Тональность же этих «нарративов» для меня привлекательна особым образом: почти оксюморонное единство нелицеприятности и наклонности к милосердию. (У нас часто «нелицеприятие» понимают как потенциальное осуждение, между тем само понятие этимологически восходит к евангельскому: «Учитель!… Ты справедлив <…> ибо не смотришь ни на какое лице» (Мф, 22:16), т.е. это качество — одна из граней подражания Христу). Наш портретист-психолог никогда не забудет отметить, что один из его персонажей «дал волю природному чувству правды», хотя это от него не ожидалось, или, не споря с репутацией другого, «литературного палача», он попросит «принять во внимание» некое смягчающее градус оценки обстоятельство, связанное семейным происхождением «подсудимого».

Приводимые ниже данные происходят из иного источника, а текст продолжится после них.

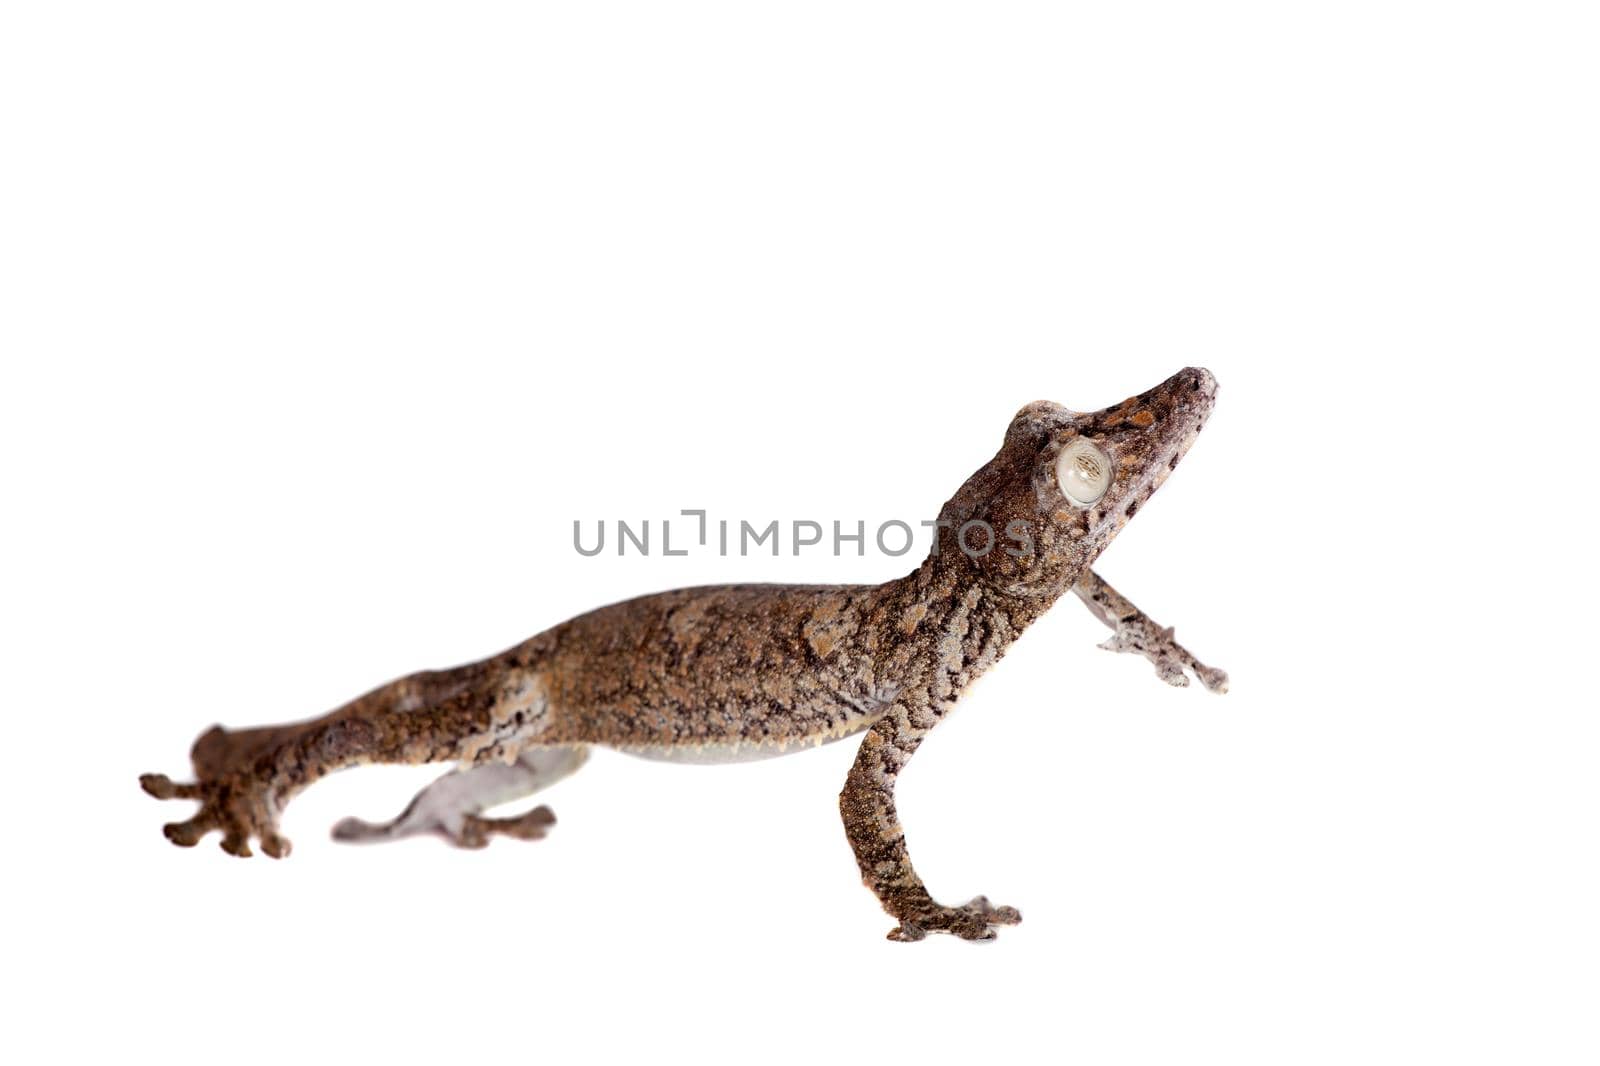 Giant leaf tailed gecko on white by RosaJay
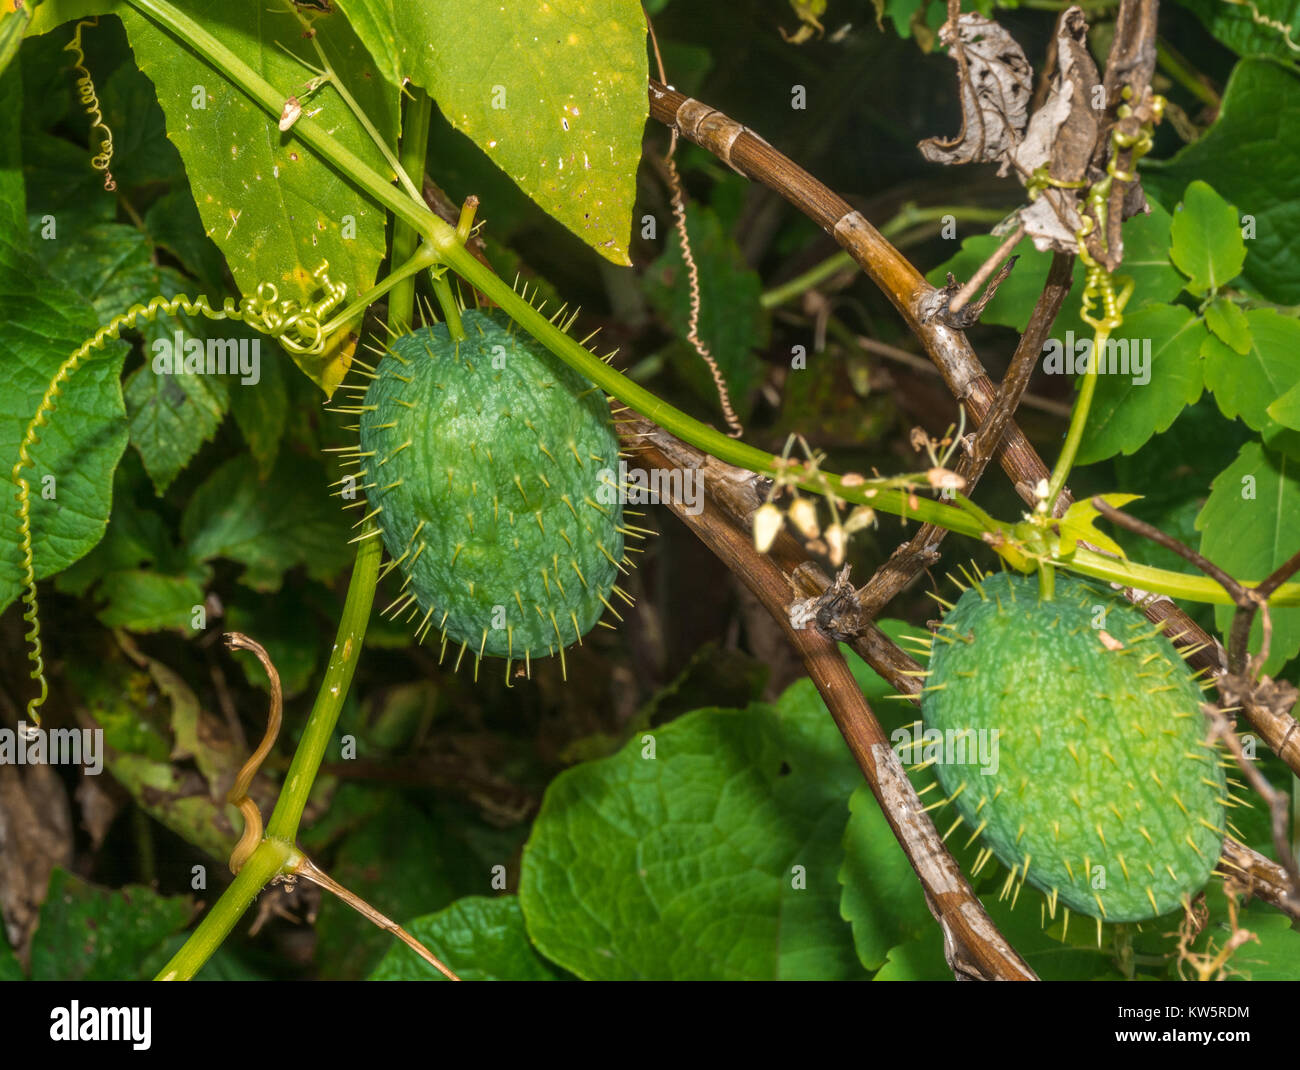 Echinocystis, known as Wild Cucumber, Balsam-Apple or Prickly Cucumber Stock Photo

Судьбы «действующих лиц» непроизвольно являют себя в разных жанрах: от щемяще-трагического (Анна Баркова или Елена Тагер) до сногсшибательно приключенческого или анекдотического (в духе пушкинских образцов table talk), приправленного иронией (скажем, по адресу несостоявшегося мемуариста кагебиста Ф. Д. Бобкова, не оставившего «ни имен, ни паролей, ни явок»). Конечно, у еще живых свидетелей того минувшего времени, к каким отношусь и я, неизбежно явится мысль о «действующих лицах», не попавших в помянник (нельзя же объять необъятное). Одно имя все же не могу не назвать. В «портрете» мастера доносов, видного литературоведа Я. Г. Эльсберга, упомянута справка о нем в 8-м томе «Краткой литературной энциклопедии», подписанная саркастическим псевдонимом «Г. П. Уткин». Раскрою псевдоним — сочинителем справки был Николай Пантелеймонович Розин, один из неуемных борцов с правящей идеологией, сыгравший в качестве редактора чудом завершенного девятитомника КЛЭ духовно-организационную роль не никак меньшую, чем А. С. Берзер в «Новом мире». (И пошутить-съязвить он умел, и ратоборцем был исключительным; в частности, его стараниями первоначальный словник КЛЭ пополнился многими именами русских духовных писателей).

Мечтается, что именно в столь же этически безупречной и художественно состоятельной тональности, какой отличается труд Чупринина, будет когда-нибудь поведано об отечественных действователях «большой» истории двадцатого и атмосферически его уже продолжившего двадцать первого века. Но до рождения такого летописца куда как далеко. 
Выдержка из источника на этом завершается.